A life-saving, trickle-down effect
For this article for Mental Health Awareness Month in May, FenderBender asked Tylka to reach out to body shops and dealerships that are using the education, training, and tools that Brake the Stigma provides, and to report back on the results. Tylka did so, and notes, “This was the first time I’d personally reached out and asked, and I got four success stories. Two were about techs who were about to quit because of the pressure of the job and other home-related things.

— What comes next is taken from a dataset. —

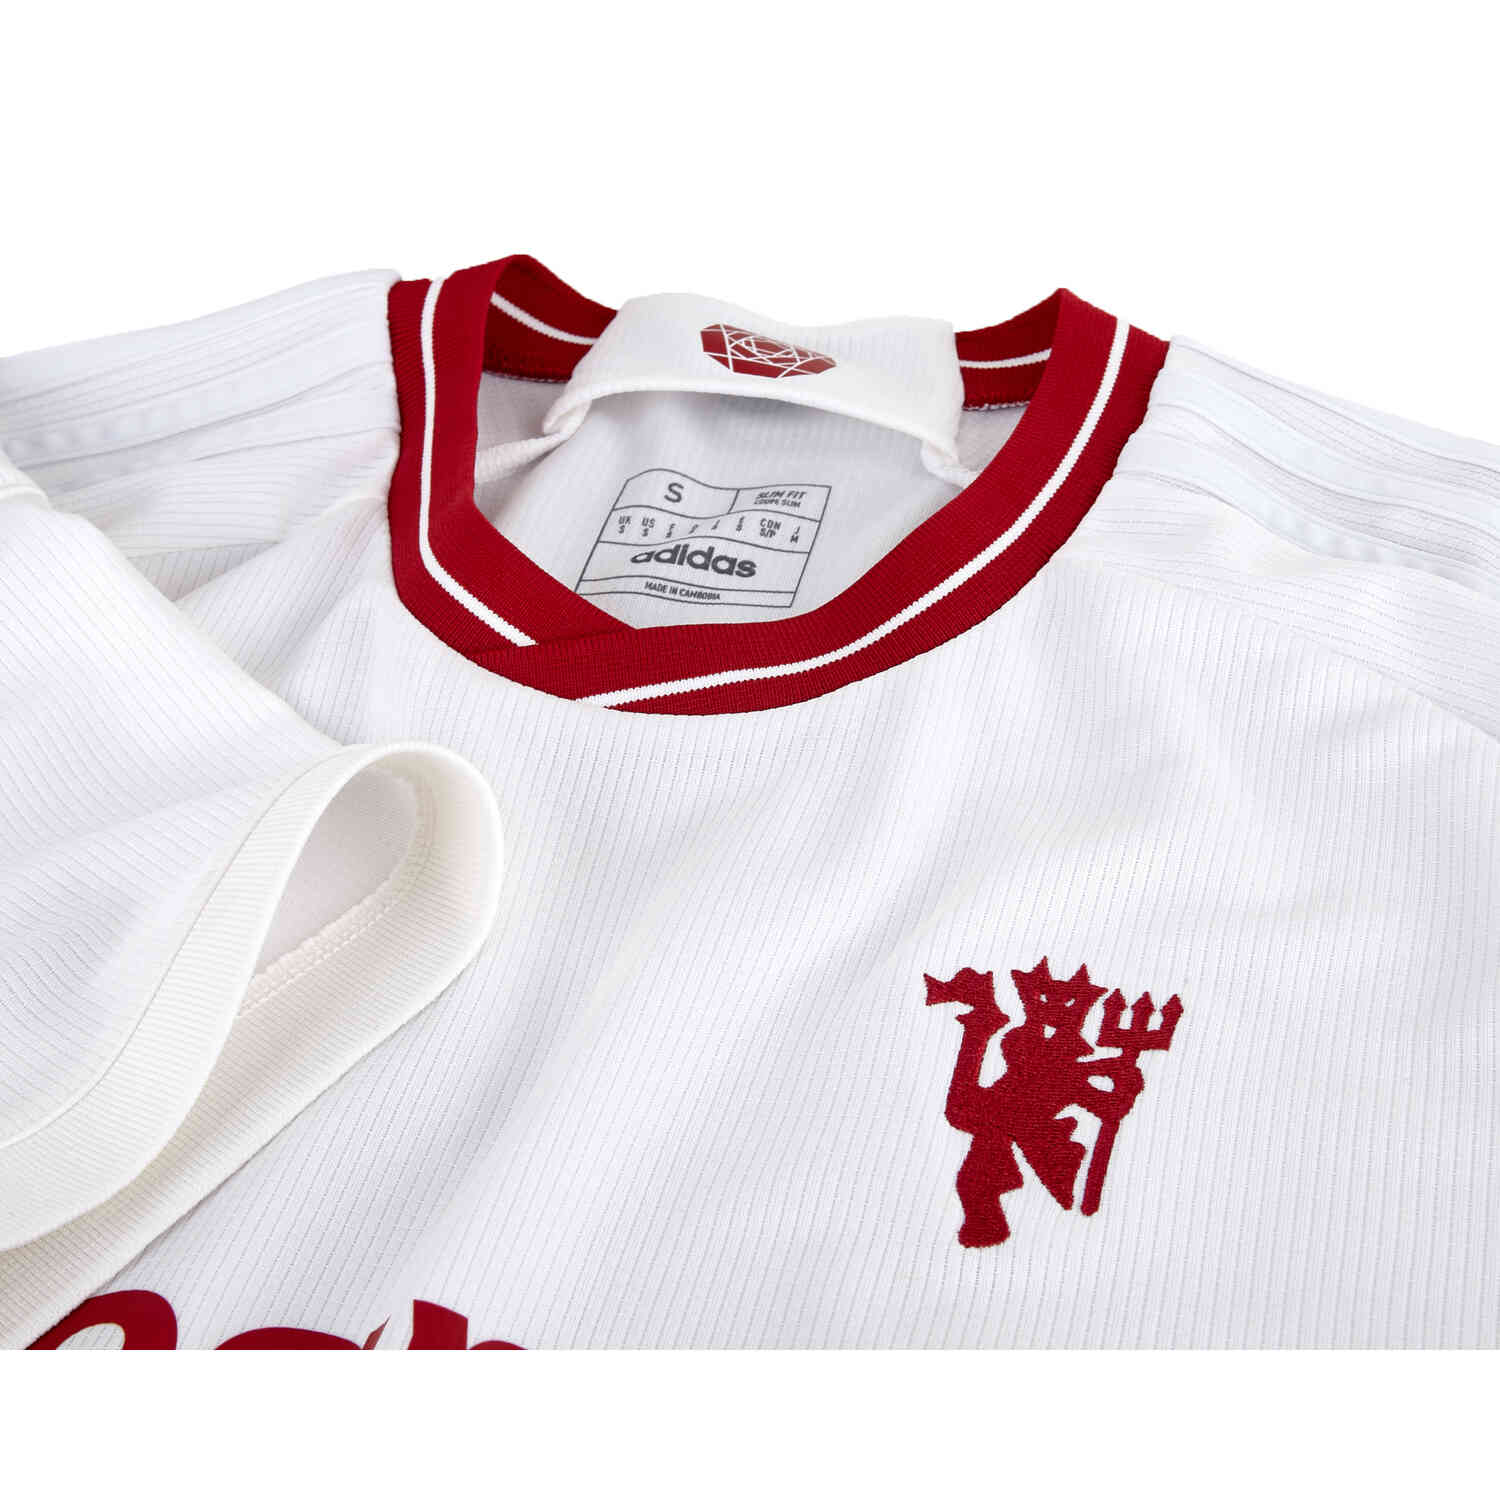 2023/24 Kids adidas Harry Kane Bayern Munich Away Jersey - SoccerPro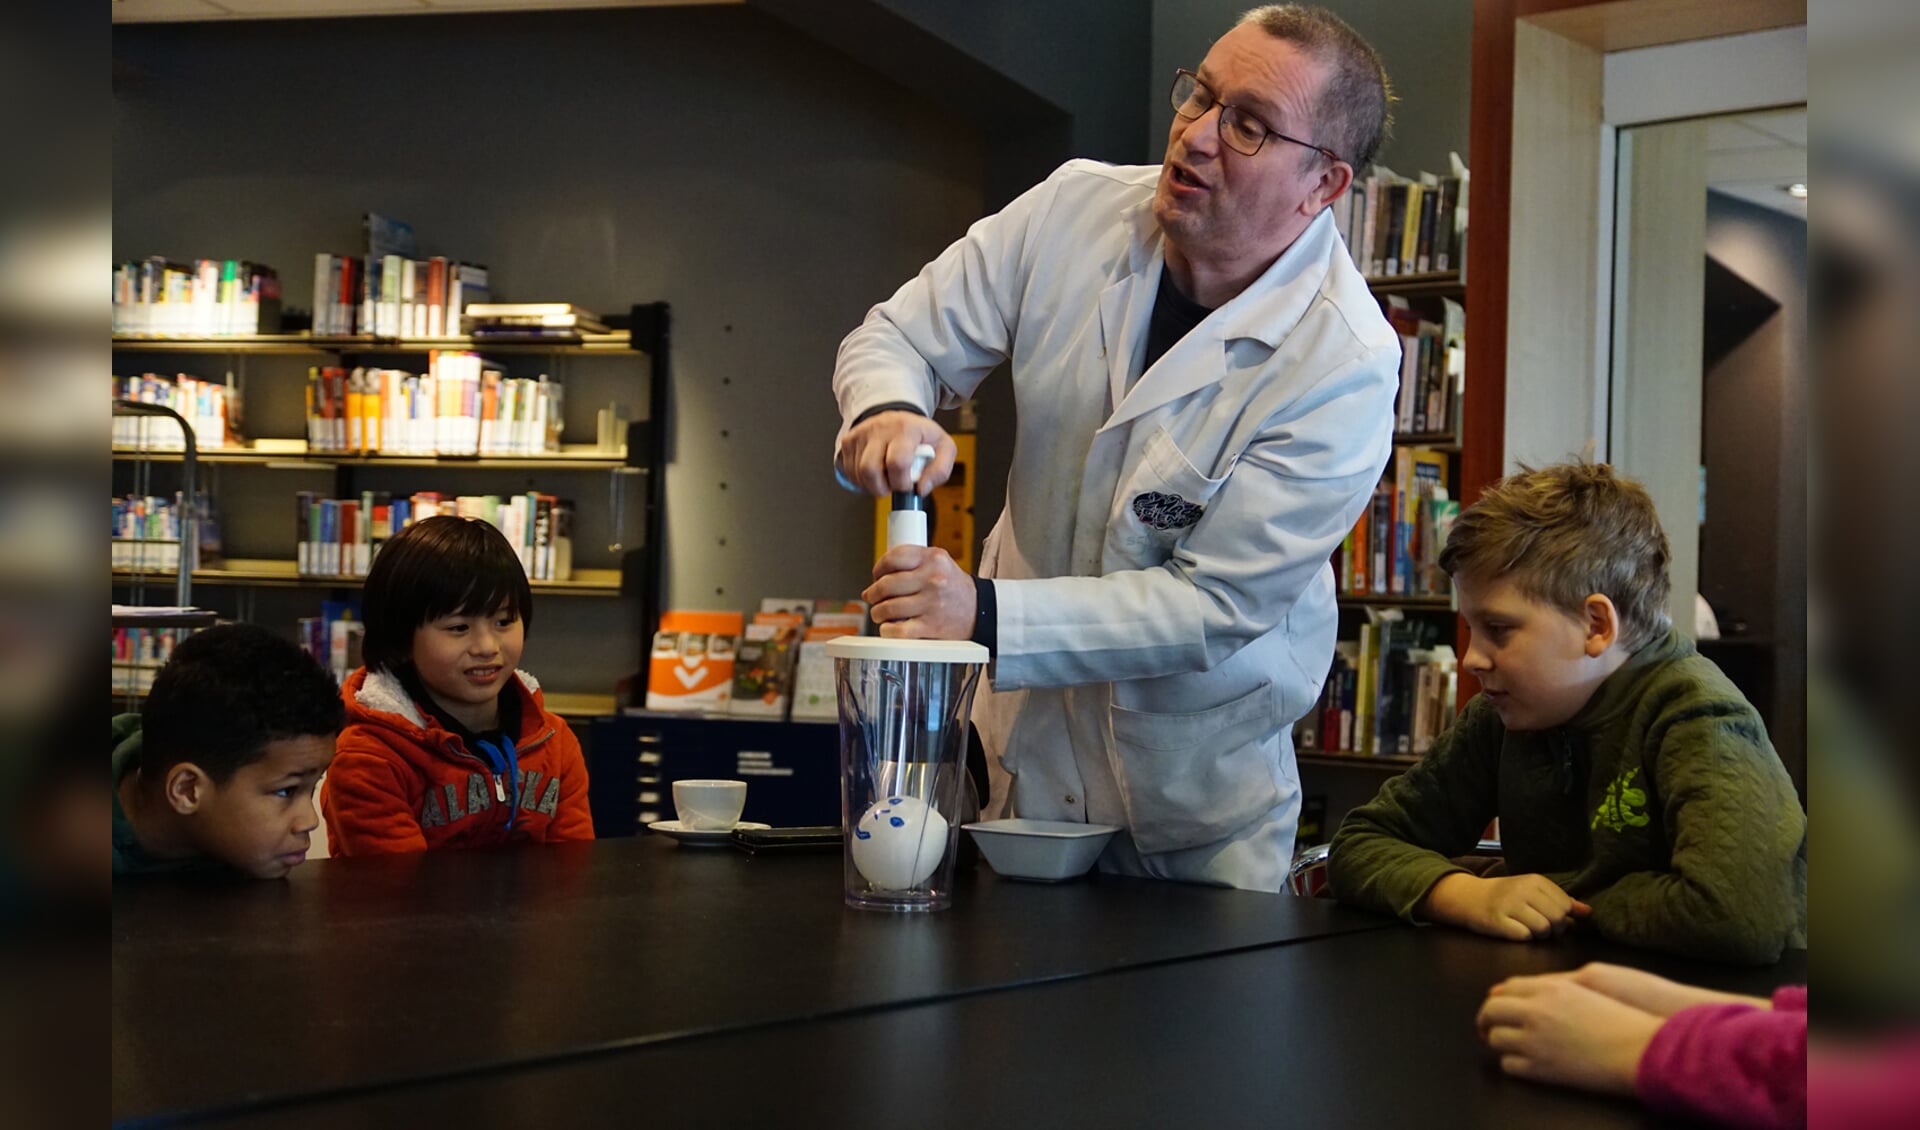 Mad Science houdt activiteiten voor kinderen die kennis willen maken met de wetenschap.

One was a 15-year veteran.”
The manager of the 15-year-tenure employee had HR reach out and give the employee a phone number for counseling, which the employee used. “This person then wrote an employee review [about how much the counseling helped], and they posted it online,” Tylka says.
Any time body shop employees like this one are helped, he notes, it serves to normalize conversations around mental health, one family at a time.
Tylka believes so deeply in the importance of the mental health mission, that TAG Auto Group offers its free mental healthcare to not only employees on the company health plan, but to every single employee across the board and to every person within their household. “I feel like I have 200 families we’re responsible for, not just 200 employees,” Tylka explains.
“We’re working to take away the reasons why people can’t seek mental health therapy,” he adds. “So we give them the resources for in-person, online, and group therapy. The hardest thing is getting people to use those resources for the very first time.”
Through TAG Auto Group’s free mental healthcare, Tylka reports that 150 people—including employees, adult family members, and children—are now taking advantage of counseling.
“It normalizes therapy for kids,” Tylka adds – kids who then grow up unafraid to seek therapy for themselves or their families if it’s needed.
Tylka’s own 15-year-old son, Max, recently announced that he wants to go into the mental health field when he grows up. The kicker for his dad is this: he wants to specialize in helping kids.
“It’s because he struggled, as well, and he has such a story to tell,” Tylka says. “My wife and I are so proud of him – he’ll be a perfect fit for it.”
Then he circles back, big-picture: “Brake the Stigma has a long road ahead of it. Those who are interested can donate at brakethestigma.com.”